Selain pembekalan keterampilan teknis, kegiatan ini juga menghadirkan sosialisasi Saka Wirakartika, yang memaparkan lima bidang binaan utama, yakni navigasi darat, survival, pioneer, mountaineering, dan tali-temali militer dasar. Melalui sosialisasi tersebut, peserta diharapkan memperoleh gambaran yang lebih utuh mengenai peluang dan manfaat bergabung dalam Saka Wirakartika sebagai wadah pengembangan karakter, kedisiplinan, serta kesiapsiagaan generasi muda. “Kami ingin adik-adik memahami bahwa bela negara bisa diwujudkan dengan cara-cara positif, salah satunya melalui kegiatan Pramuka,” ujar Ketua Dewan Saka, Muhammad Farid, saat memberikan arahan.
Pihak Kodim 0733/KS menyampaikan apresiasi atas antusiasme para peserta. Menurut Farid, kehadiran generasi muda dalam kegiatan seperti ini menunjukkan bahwa nilai-nilai nasionalisme masih tumbuh kuat di kalangan pelajar. “Kami bangga melihat semangat mereka. Kedisiplinan, kerja sama, dan keberanian adalah modal penting untuk masa depan. Saka Wirakartika terbuka bagi siapa pun yang ingin belajar membela negara dengan cara yang membangun,” tuturnya.

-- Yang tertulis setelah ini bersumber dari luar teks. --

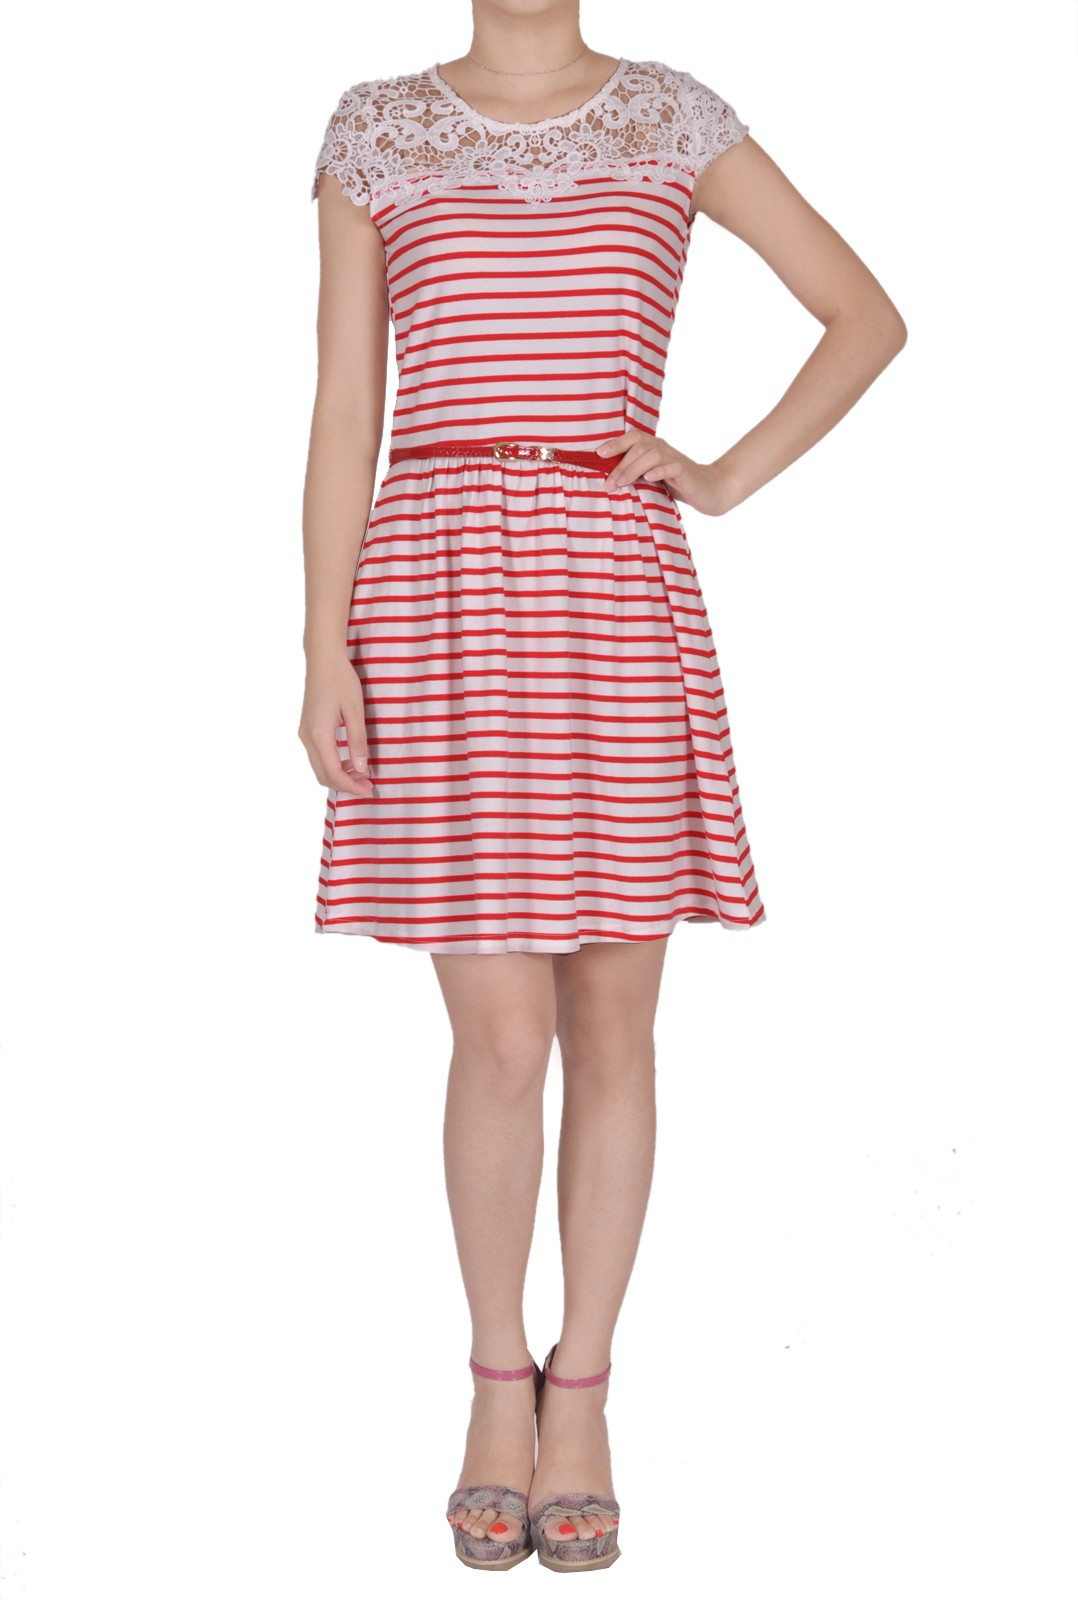 5b7d229f7913 cute φόρεμα κροσέ nautical ριγέ σε κόκκινο/εκρού

Dari pihak sekolah, Kepala SMA Walisongo Semarang turut memberikan dukungan penuh terhadap kegiatan ini. Ia menilai latihan gabungan tidak hanya memperkuat aspek fisik, tetapi juga membentuk karakter peserta didik menjadi pribadi yang bertanggung jawab dan mencintai tanah air. “Kami berharap kerja sama antara sekolah dan Kodim dapat terus berlanjut. Kegiatan seperti ini terbukti memberikan pengalaman berharga bagi peserta didik, baik dari segi mental maupun keterampilan lapangan,” katanya.
Kegiatan latihan gabungan ditutup dengan upacara penyerahan sertifikat kepada seluruh peserta sebagai bentuk penghargaan atas partisipasi mereka. Setelah itu, sesi foto bersama menjadi penanda berakhirnya kegiatan yang berlangsung hangat dan penuh kekeluargaan. Dokumentasi tersebut menjadi bukti eratnya sinergi antara dunia pendidikan dan TNI dalam membentuk generasi muda yang tangguh, berdisiplin, dan berkarakter.
Kegiatan ini juga diketahui oleh jajaran pembina Pramuka SMA Walisongo Semarang, antara lain Ketua Gugus Depan Putra 08.085 M. Nugramahatama Juzma A.md.pnb., S.T, Ketua Gugus Depan Putri 08.086 Siti Laelatul Farikhah, S.Pd, serta Ka Mabigus Qosim Taufiq Akbar, M.Pd.I, yang memberikan dukungan penuh terhadap terselenggaranya latihan gabungan tersebut. Dengan terlaksananya kegiatan ini, diharapkan kerja sama antara SMA Walisongo dan Kodim 0733/KS dapat terus berkembang untuk mempersiapkan generasi muda yang siap menghadapi tantangan zaman.